Skin Deep

Madison is not someone you are likely to miss in a crowd.

When I met her, she was sitting outside the barber shop where she worked, enjoying the Toronto sunshine. With a huge smile on her face and a shock of blond hair on her head, there was something about her which made her immediately stand out against the suburban backdrop. Of course it is quite possible the tattoos running the entire length of her arms, chest and neck, as much as the smile on her face which helped her to stand out.

"I've always been judged by my tattoos", she told me, "I have never been in trouble in my life, but people still ask if I have been to prison. The truth is I just like tattoos."
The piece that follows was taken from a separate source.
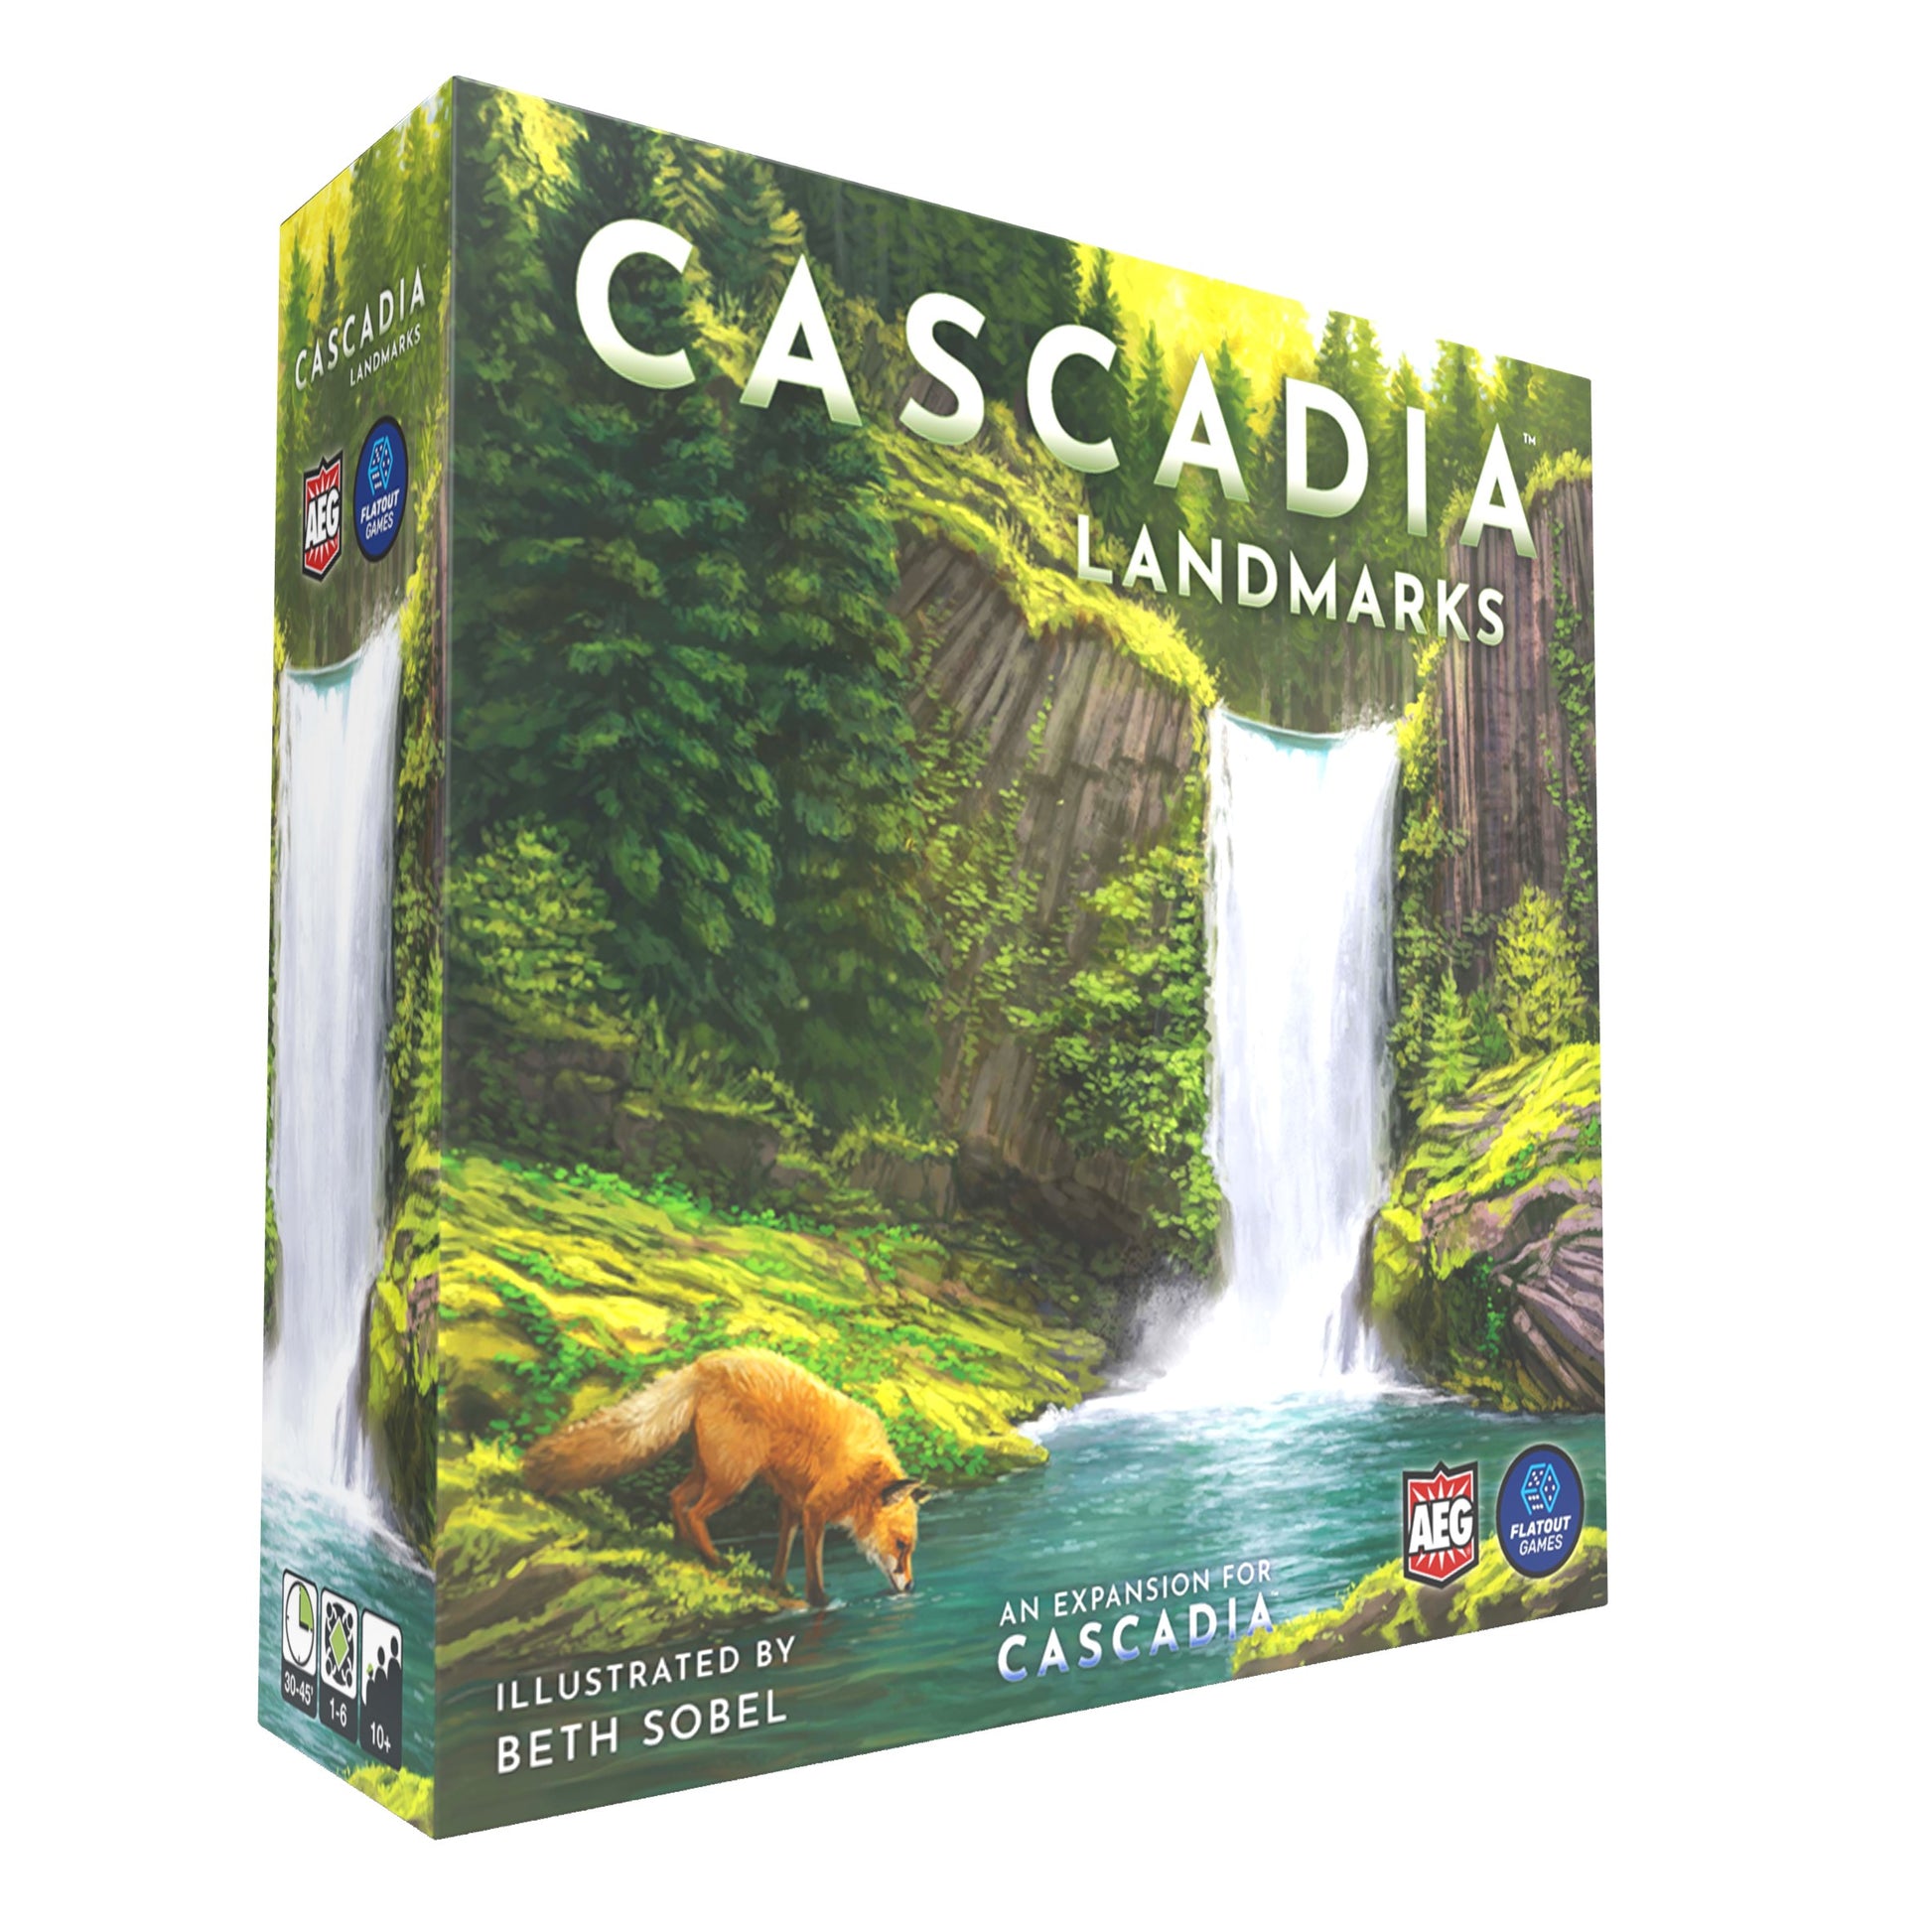 Cascadia - Landmarks

We are all guilty of subconsciously judging the people we meet, often based on nothing more than the colour of their skin or the clothes that they wear. Sometimes those judgements have little impact on our interaction with others, and other times they have terrible consequences. And yet, we also all know these differences between us are literally only skin deep. How ridiculous it is, in the 21st Century, that we are still all so guilty of making these judgements.

Madison was one of the most interesting and friendly people I met, as I walked around the streets of Canada. Polite, talkative and happy for me to photograph her portrait, despite only meeting me moments before. And yet many of the people she meets still make snap decisions about her based on nothing more than the art she wears on her skin.

As the old saying goes, you can't judge a book by its cover, a lesson we could all do with remembering more often, in our increasingly divided world.